Well, in this psalm it uses a figure of speech that you may have come across but maybe not known what it's called – called a merism. And a merism is a figure of speech where you take two extremes and you use that to indicate totality – everything in between as well. Things in the psalms like "As far as the east is from the west." OK, you meet this too.

So here we go – take the vertical dimension first: from the furthest reaches of the Earth's depths to the mountain peaks. Then take the horizontal dimension: God made the sea; God made the land. And the idea is quite clear – it's saying absolutely everything that there is in three-dimensional space is his. The world is not divided between different deities. There's not some competition for control. It is all his.

And the New Testament would add to that – it all belongs to Jesus, because he made it. So here is Colossians chapter 1:15–17:

"The Son is the image of the invisible God, the firstborn over all creation.
For in him all things were created: things in heaven and on Earth, visible and invisible, whether thrones or powers or rulers or authorities; all things have been created through him and for him.
He is before all things, and in him all things hold together."

If the world was a place where different gods battled it out for control, it would be a really frightening world to live in. Instead, we have a world where our God is the great God – the great King. It is all his.

Which is why we must come along.

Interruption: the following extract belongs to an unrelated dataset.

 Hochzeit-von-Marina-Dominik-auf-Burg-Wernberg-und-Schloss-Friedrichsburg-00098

We must sing. We must shout. As God's people, we know that we are secure. But it's not just what God's people need to do. We're not called to praise because he's redeemed us here – we're called to praise him because he's the one true God. Which means all people must worship him.

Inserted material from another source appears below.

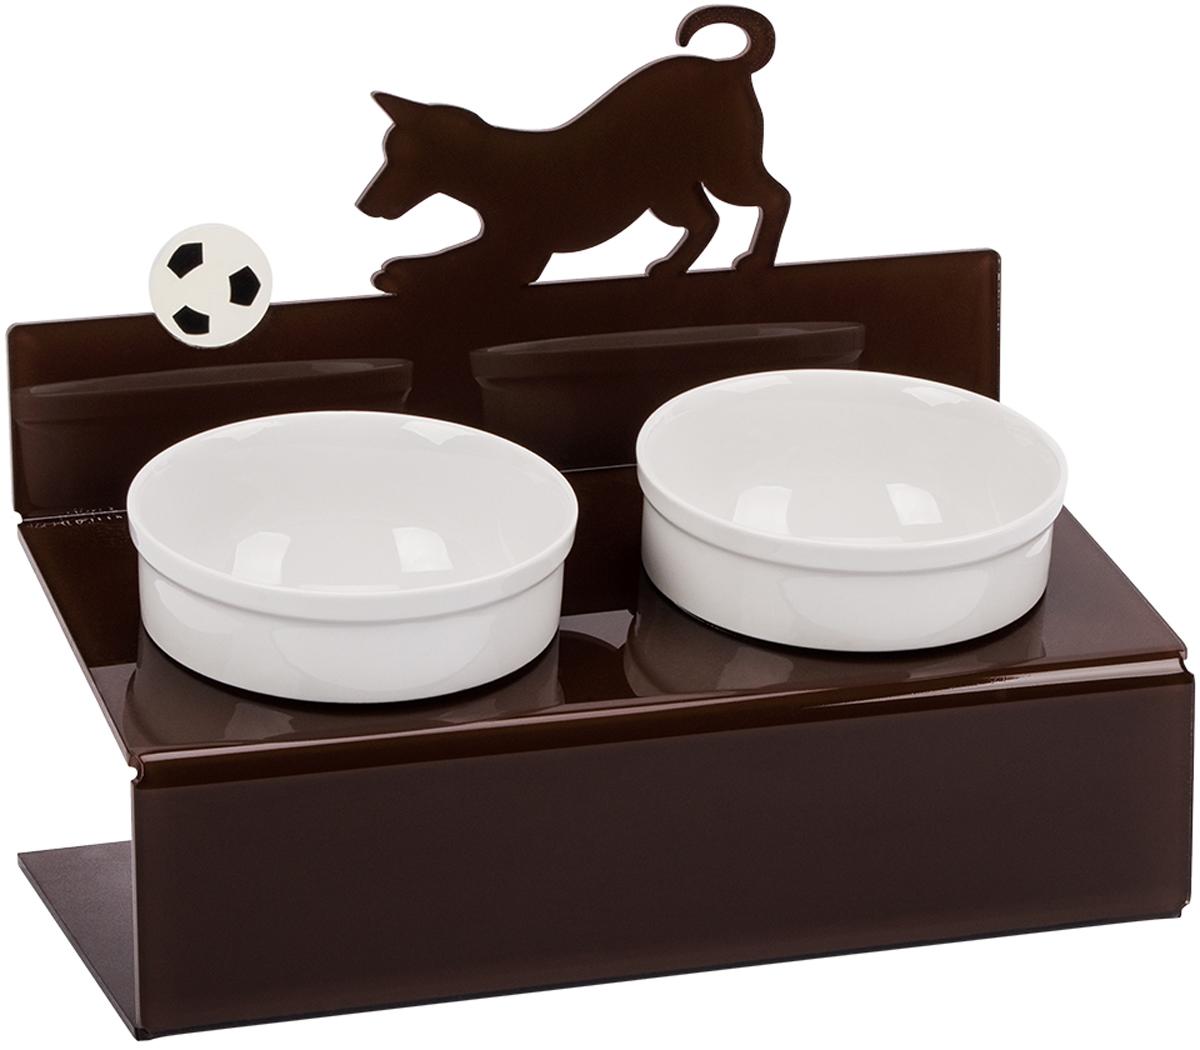 Миска для животныx Artmiska  Собака и мяч , двойная, на подставке, цвет: коричневый, 2 x 350 мл - Аксессуары для кормления

So: Come, let's sing to the Creator.

2. Come, let us bow to our shepherd

And then the second one: Come, let's bow to our Shepherd.

Come, let's bow to our Shepherd. And again, it's a sentence of two halves – there's what we have to do: Come, let's bow, and then there's why – because he's our Shepherd.

2a. Come, let us bow

So, verse six: Let us bow.
Come, let us bow down in worship,
let us kneel before the Lord our Maker.

Now, this talk of worship could make you think that we're still in the language of verses 1 and 2 – it's still talking about music. Because in the modern day, when we speak about Come, let's worship, we think about what we do when the band gets up and we sing. But this is different.

There are three verbs in verse five, and they're all to do with going low. So if I put it more literally: Come, let us bow low and bow down. Let us kneel...

For example, that first word, come. Let's bow low. It's quite a common word. We first meet it in — or one of the places we meet it, sorry — is in Genesis chapter 18, verse 2. Some visitors come to meet Abraham and Sarah, and we are told that Abraham looked up and saw three men standing nearby. When he saw them, he hurried from the entrance of his tent to meet them and bowed low to the ground. He didn't start to sing his favourite worship song — he bowed before them.

Genesis 37 — that, remember, is Joseph's dreams. Remember, Joseph dreamt of 12 sheaves of corn, and "your sheaves bowed down," he says, "to mine." This is about our posture as we approach God. Now, this is about more than just posture, but why would we assume it's about less than posture?

Now let me try and illustrate this, but let me try and be really careful. Over the past few weeks, the relationships between different ethnicities and religions in this country have been strained to breaking point and beyond. How do we respond to that?

Well, as Christians, I would say one of the things the Bible calls us to be is hospitable. So, as a nation that historically was a Christian nation, we would want to say, actually, we deeply respect people of other cultures, backgrounds and faiths, and we want to cherish you. And you're welcome to come to our country, and we want you to feel thoroughly at home here.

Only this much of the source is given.